# finding a wing chun school in los angeles



## ransom (Apr 15, 2014)

hey all.  i would like to begin studying wing chun in los angeles (i am in the san gabriel valley).  i have no martial arts experience.  i am fortunate that there are many schools and teachers in the los angeles area, but i don't know how to discriminate between them.  because i have no experience i think it would be easy for me to spend a lot of time and money at a place and not realize until it is too late that i have wasted my time.

i used to teach english, and was instructed many times at for-profit schools it is more important to make the student _feel_ they are learning to keep them in the school than to actually teach them.  to manipulate them to want to gain "levels", to continue spending money, by dangling a certificate in front of them (which they can use to make money, regardless of their language ability), that this is more important than actually imparting knowledge and shaping their ability to learn.  i've also personally studied languages and know that persistent study and application leads to success, and that good teachers are act as a guide, helping you advance and refine, and are dedicated to your actual improvement and success, not simply your addiction to leveling up for a certificate to feed their bank account.  i feel like trusting someone to be this guide is a serious decision, 

so i appeal to you all for help in making my decision.

do any of you have experience with or thoughts about wing chun schools in the los angeles area?  preferably in the san gabriel valley area, where there seem to be many and where i am also located.


----------



## ransom (Apr 15, 2014)

here are the two schools i feel most attracted to after doing some research:

Tom Wong
Official home Yuenkaysan Sum Neng Wing Chun
https://www.facebook.com/139385669460781
https://www.youtube.com/user/TomWongWingChun/videos
lineage: https://en.wikipedia.org/wiki/Yuen_Kay_Shan#Students

Gary Lam
Home




lineage: https://en.wikipedia.org/wiki/Wong_Shun_Leung

thoughts?


----------



## mook jong man (Apr 16, 2014)

ransom said:


> here are the two schools i feel most attracted to after doing some research:
> 
> Tom Wong
> Official home Yuenkaysan Sum Neng Wing Chun
> ...



I'd go to Gary Lam's for sure.
He's a student of WSL , don't have to look at his web site.

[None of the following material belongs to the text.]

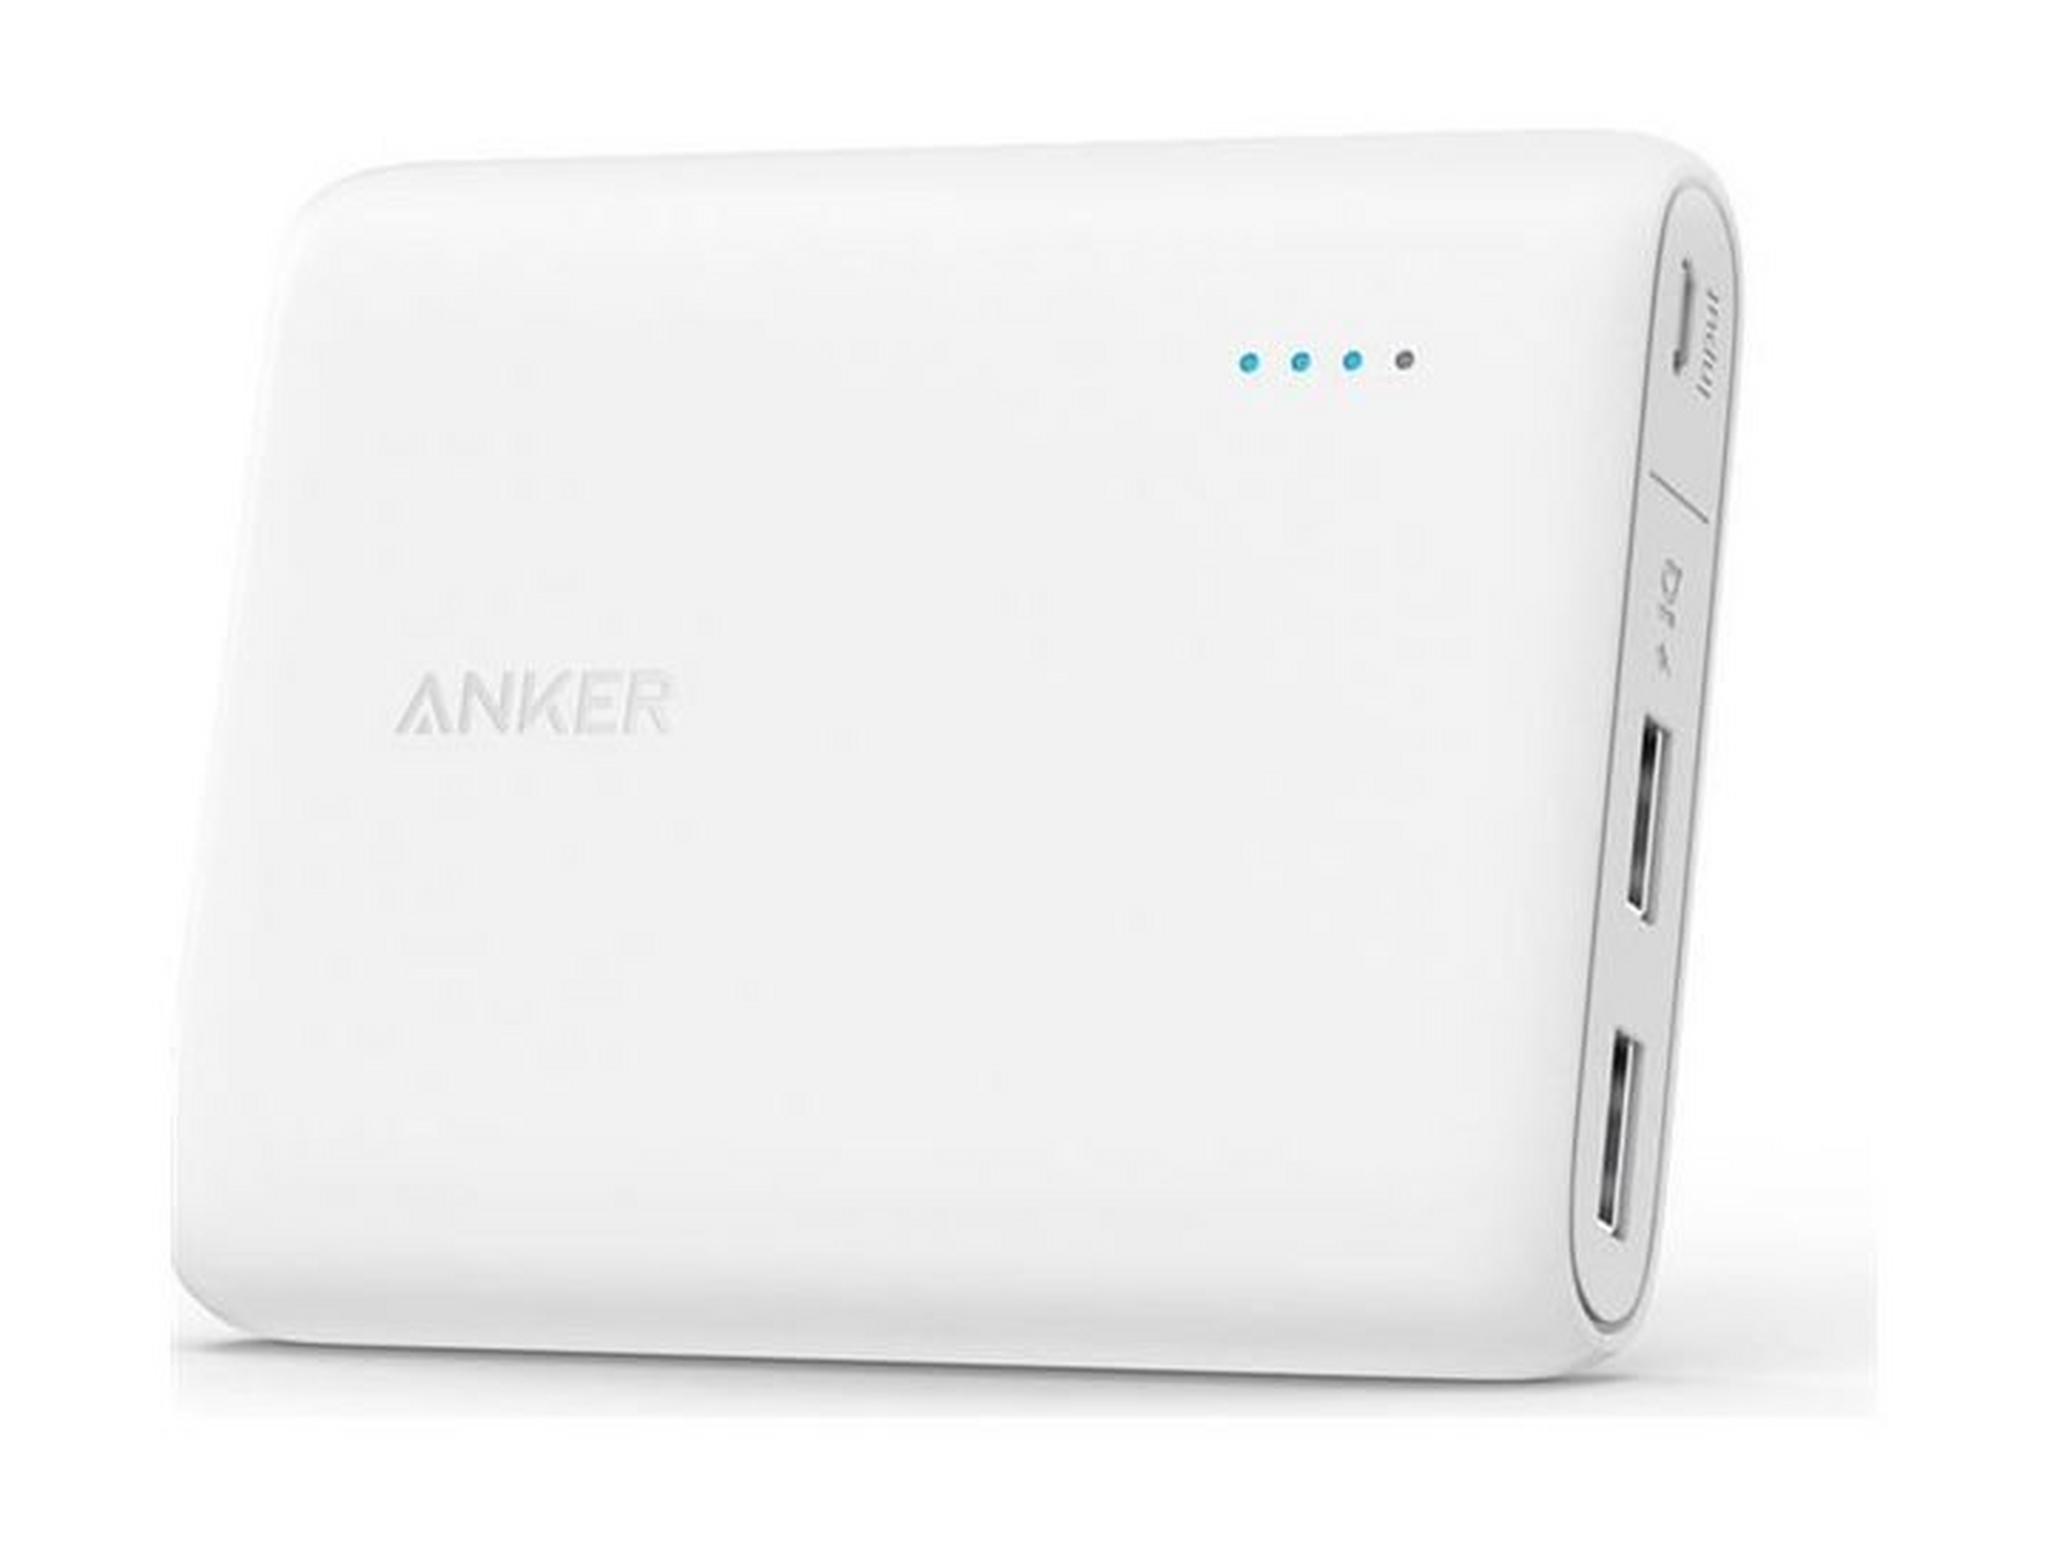 Anker PowerCore 10400 mAh Portable Power Bank - White

Looked at the Tom Wong guys website , several things turned me off.
First off he says he teaches the secret of Ng Mui Wing Chun , there are no secrets only hard training.

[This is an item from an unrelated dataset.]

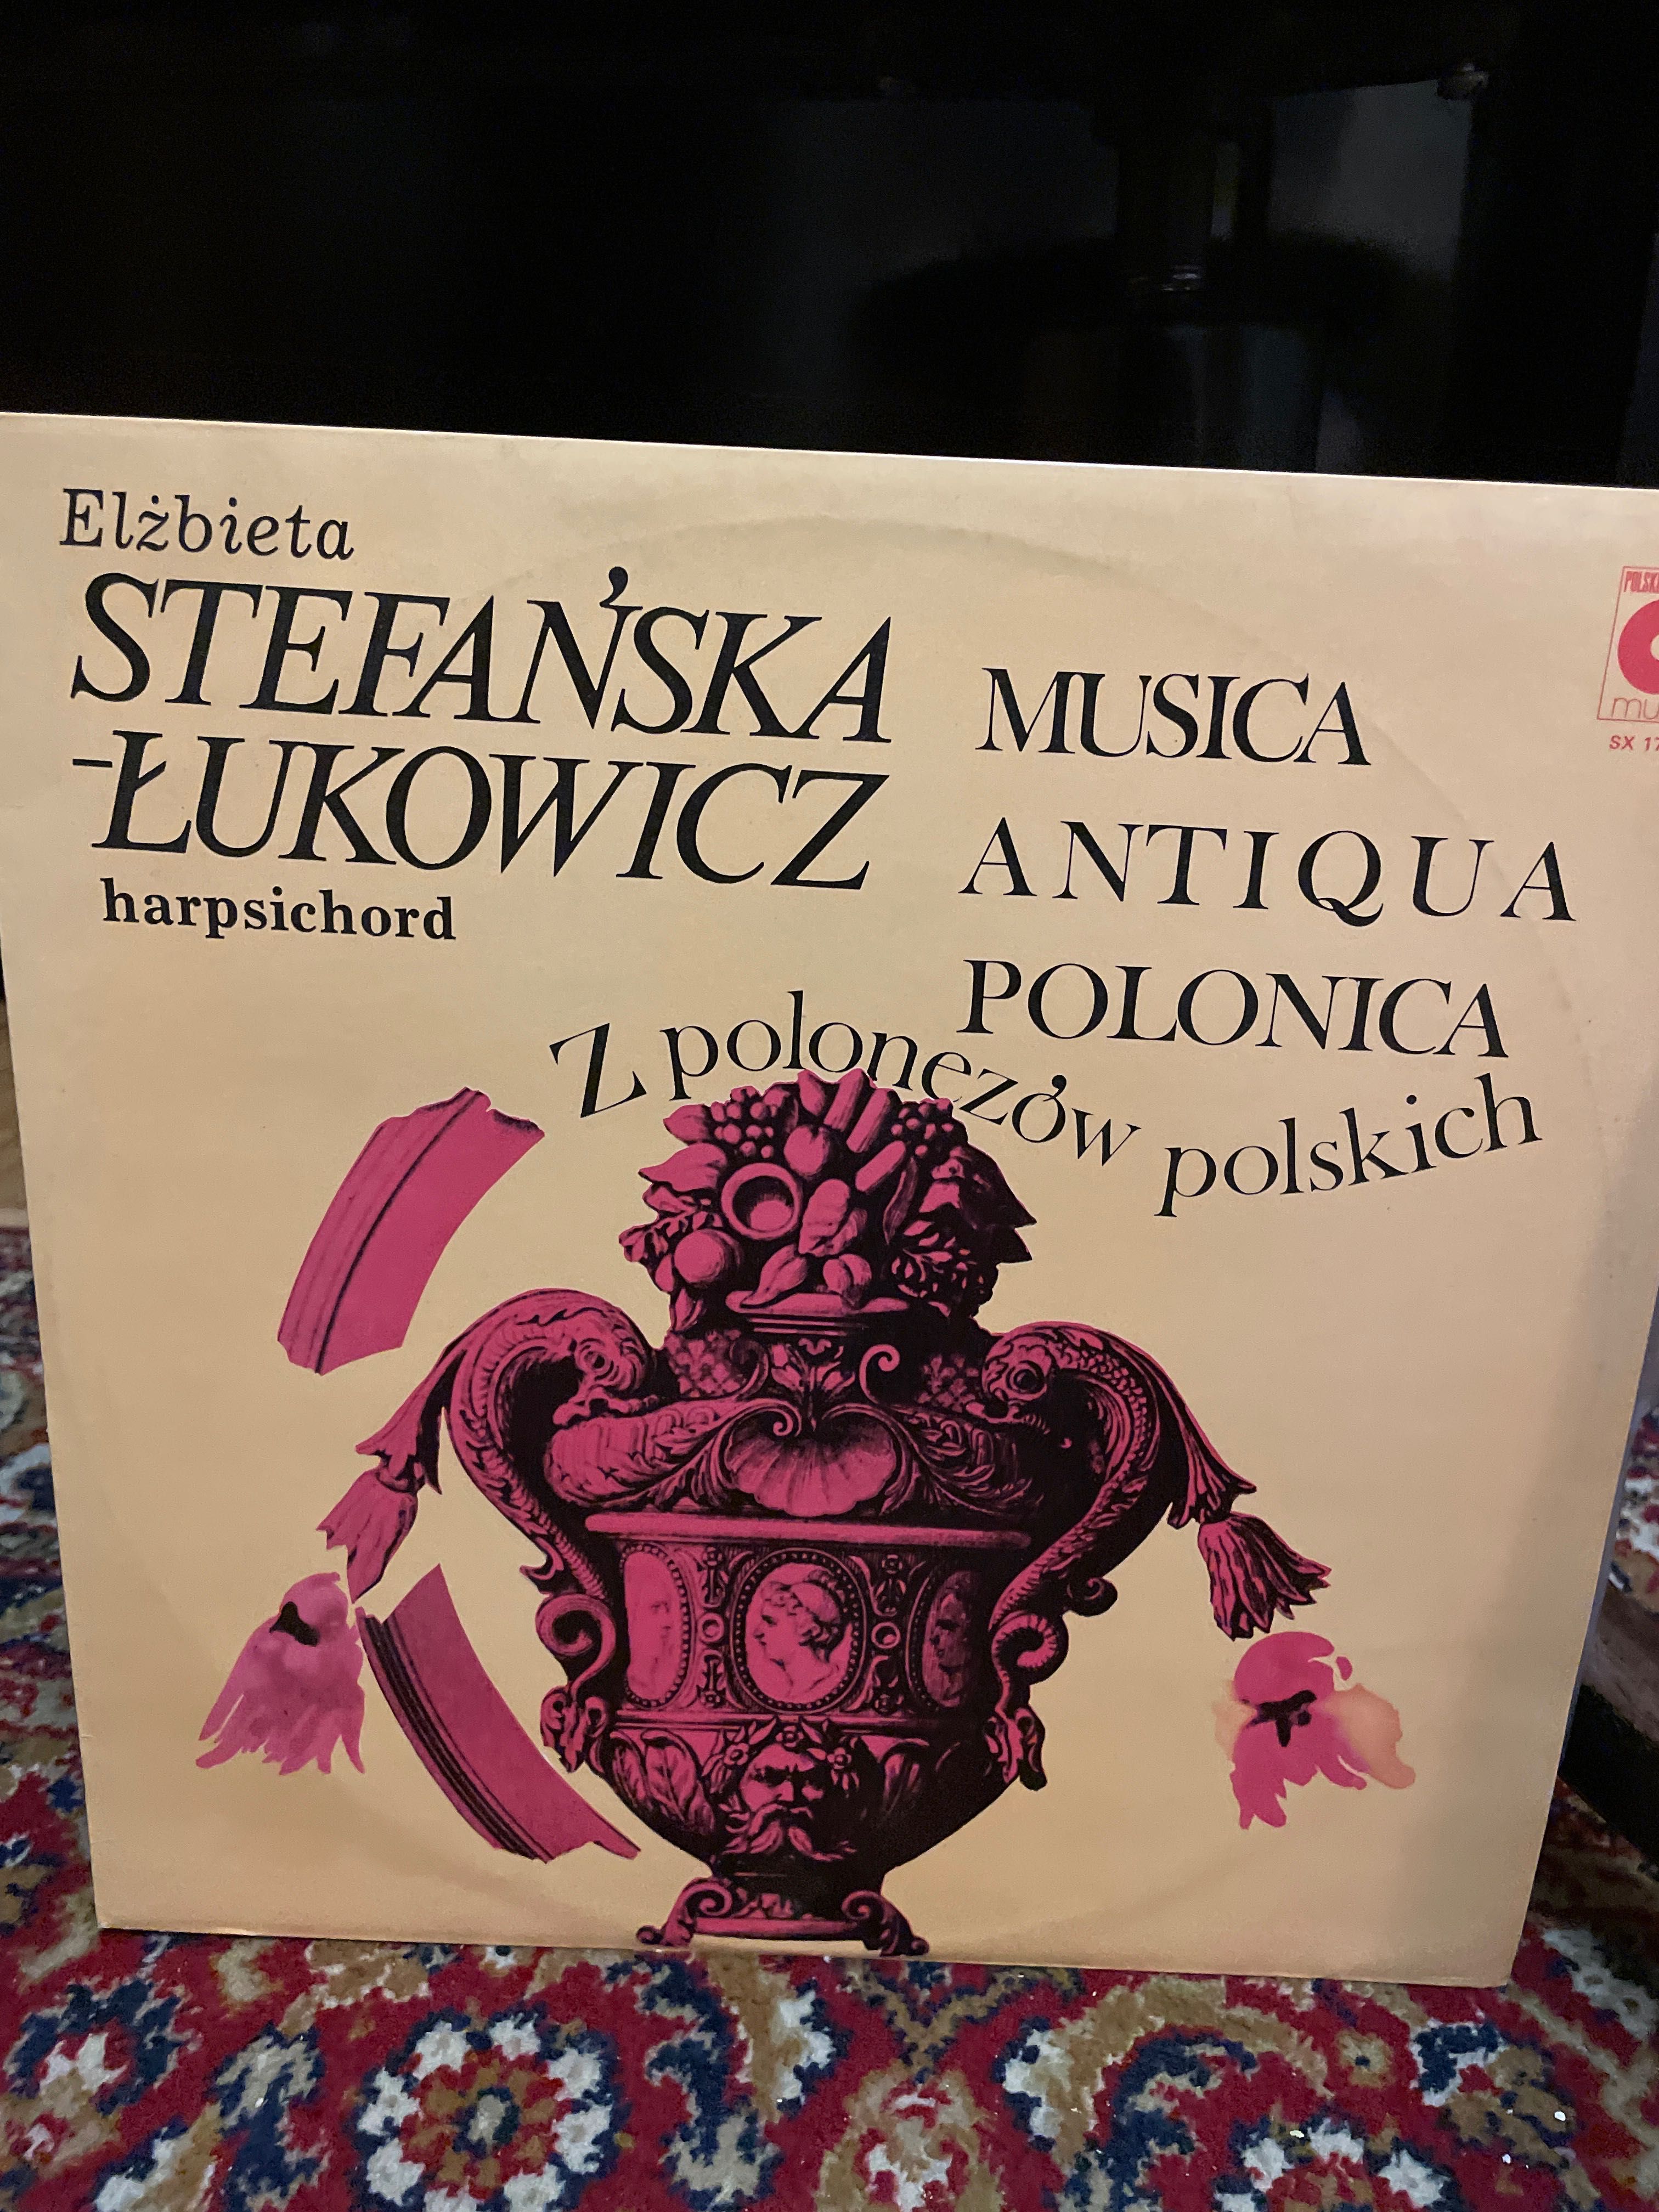 płyta winylowa Elżbieta Stefańska-Łukowicz, “z polonezów polskich”

They also do lap sau with a back fist which I absolutely despise , as not only incorrect but very Bruce Lee like.


----------



## Kwan Sau (Apr 16, 2014)

ransom,
Go check out each one. They are two very different lineages of Wing Chun. Make up your own mind based on your personal observations, not an internet forum. See if what they teach/method of teaching/type of training intensity suits your goals (i.e. defend yourself in some back alley at night...or play delusional patty-cake drills with fellow students). Everyone is attracted to the martial arts for different reasons...be sure your time and money are about to be wisely invested; once spent, neither can be retrieved. Best of luck to you.


----------



## Eric_H (Apr 16, 2014)

Sifu Stanley Wong is most def worth a call:
Welcome To Old School Wing Chun


----------



## JPinAZ (May 6, 2014)

Eric_H said:


> Sifu Stanley Wong is most def worth a call:
> Welcome To Old School Wing Chun



I'd agree. Small group training focusing on skill and results. Their hands can do the talking as well - Sifu Stanley's Wing Chun is top notch


----------



## geezer (May 6, 2014)

JPinAZ said:


> I'd agree. Small group training focusing on skill and results. Their hands can do the talking as well - Sifu Stanley's Wing Chun is top notch



I checked out the webpage. He seems to be very open to people from other lineages. That's pretty uncommon in WC.


----------



## Hong Kong Pooey (Jun 11, 2014)

Isn't Hawkins Cheung in LA? No idea on the geography as I'm in UK but if he's still teaching, and if I could, I'd go there for sure.


----------



## Vajramusti (Jun 11, 2014)

mook jong man said:


> I'd go to Gary Lam's for sure.
> He's a student of WSL , don't have to look at his web site.
> 
> Looked at the Tom Wong guys website , several things turned me off.
> ...


------------------------------------------------------------

mook's points are well taken


----------



## Kwan Sau (Jun 11, 2014)

Hawkins gets my vote. Definitely him over Lam.


----------



## Marnetmar (Jun 11, 2014)

mook jong man said:


> they also do lap sau with a back fist which i absolutely despise



I think I like you.


----------



## wingchun100 (Jun 12, 2014)

I agree with Mook Jong Man. I don't even live in LA...in fact I very rarely escape my tiny little bubble here in Averill Park NY...and even *I* have heard of Gary Lam. And by that I mean I heard good things.


----------



## Thunder Foot (Jun 13, 2014)

Hi Ransom,
If you haven't already found a place, I'm from the area and would recommend Hawkins as a first choice and Lam as a second. Lam's is actually in Alhambra which is just down the fwy from you. There are also quite a few other choices, but these two would be your best potential.
Good luck.


----------